Pet Firefox peeve

1:32 pm General

Have you ever been working on a blog entry in firefox, and hit Ctrl-W instead of Ctrl-X by accident (or by habit)?

I don’t know how many times it’s happened to me, but it’s often. And always annoying.

Recently, I noticed a dialog when I tried to close on some website I can’t recall – “you have unsaved work, are you sure you want to close the window?” – I don’t know whether it was some Javascript in the page, or whether it was Firefox patched by Ubuntu, but I was very grateful.

Is this possible? Can I please stop losing unsaved work when there’s a form with text inputs on the page I’m closing by accident?

19 Responses

  1. meastp Says:

    Well… A dialog that asks me if I want to exit always shows up when I have more than one tab open. It is a default setting.
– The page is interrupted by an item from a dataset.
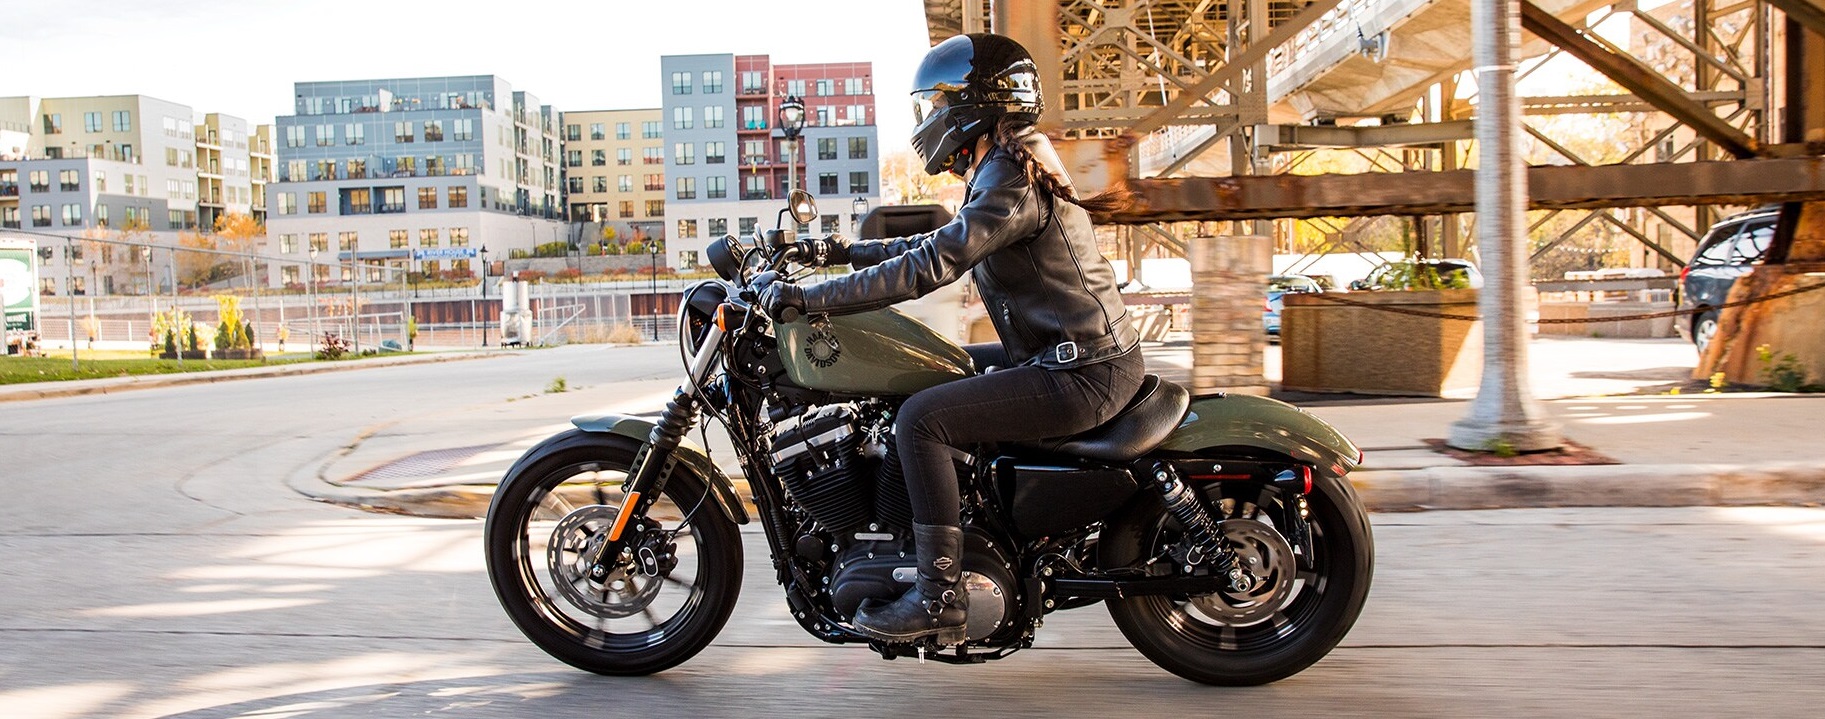 2021 Harley-Davidson® Iron 883™ in Revere MA

Check your preferences if you have turned it off…

  2. Johannes Berg Says:

    Galeon (and as far as I know epiphany) do this, sometimes annoying when some javascript fills in a form for you, but it does seem to work.

  3. stro Says:

    Yes Epiphany does this if you leave unsubmitted text in a textbox form field.

  4. Johannes Gijsbers Says:

    Epiphany does this out of the box for all websites.

    Blogger has some JavaScript that does it too, maybe that was what you saw?

  5. Jeroen Asselman Says:

    Try (if I am not mistaken):

    var Navigate = false;
    var NavigateMessage = “You have unsaved work”;

  6. Dave Neary Says:

    meastp: I’m not closing the entire window, just closing a tab with Ctrl-W – which typically doesn’t give any warning at all.

    Thanks all for the Galeon tip – I will also need something that works on Windows, though…

    Jeroen: Try it where?

  7. Emil A Eklund Says:

    It’s javascript, catch the onbeforeunload event.

  8. Jeroen Asselman Says:

    Sorry, that was a bit to sparse

    var confirmClose = true;
    function confirmNavigate()
    {
    if (confirmClose)
    return “Do you want to save your work?”;
    }

  9. Jeroen Asselman Says:

    Hmm, wasn’t aware that any html stuff would be removed.
    In your body element do a:
    onbeforeunload=”return confirmNavigate();”

  10. Stuart Langridge Says:

    You might find http://www.arantius.com/article/protect+textarea useful, which is a GreaseMonkey script to do just what you’re looking for. (It only applies to textareas, not one-line input boxes, but it’s trivial to hack one-line text support in for a JavaScript person.)

  11. nananana Says:

    You know, ctrl-w is supposed to do exactly that. On all the modern sane applications, without ANY whining. Ever. You’re just a skilless noob.

  12. Stu Says:

    Yeah I always do this, esp after using nano (where ctrl-w is find)… What might be nicer with the prevelance of gui editors with similar shortcuts would be for nano to adopt key shortcuts that will be familiar to users of gui apps

  13. adel Says:

    that would be so evil if kids got hands on

    it’s simple javascript callback “onunload” event, write function that checks forms for unsaved data and/or cancel/continues navigation

    kids can use this to make you never ever leave the site

  14. Ryan Paul Says:

    This used to happen to me all the time as well. It’s very, very frustrating. I finally ended up enabling emacs shortcuts in Firefox. Now, when I hit ctrl+w while typing in a text box, it erases a word rather than closing the window. To find out how to do that, go here:
    http://kb.mozillazine.org/Emacs_Keybindings_(Firefox)

  15. SPr Says:

    try undoclosetab extention
    http://mozilla.dorando.at/readme.html
    using this you can undo any ctrl-w

  16. Alex Jones Says:

    Guh… just compile Epiphany for Windows and be done with it. 😛

  17. cs Says:

    blogger does this when you are writing a comment iirc

  18. nibblesmx Says:

    you just gave me an idea for a new firefox extension, tnx!

    and btw, is the onbeforeunload event.

  19. Olivier Says:

    I saw this for the first time on a comment on blogger.

    To try it : go to a blogger blog, go to the comment writing page, start to write and then try to go to another page.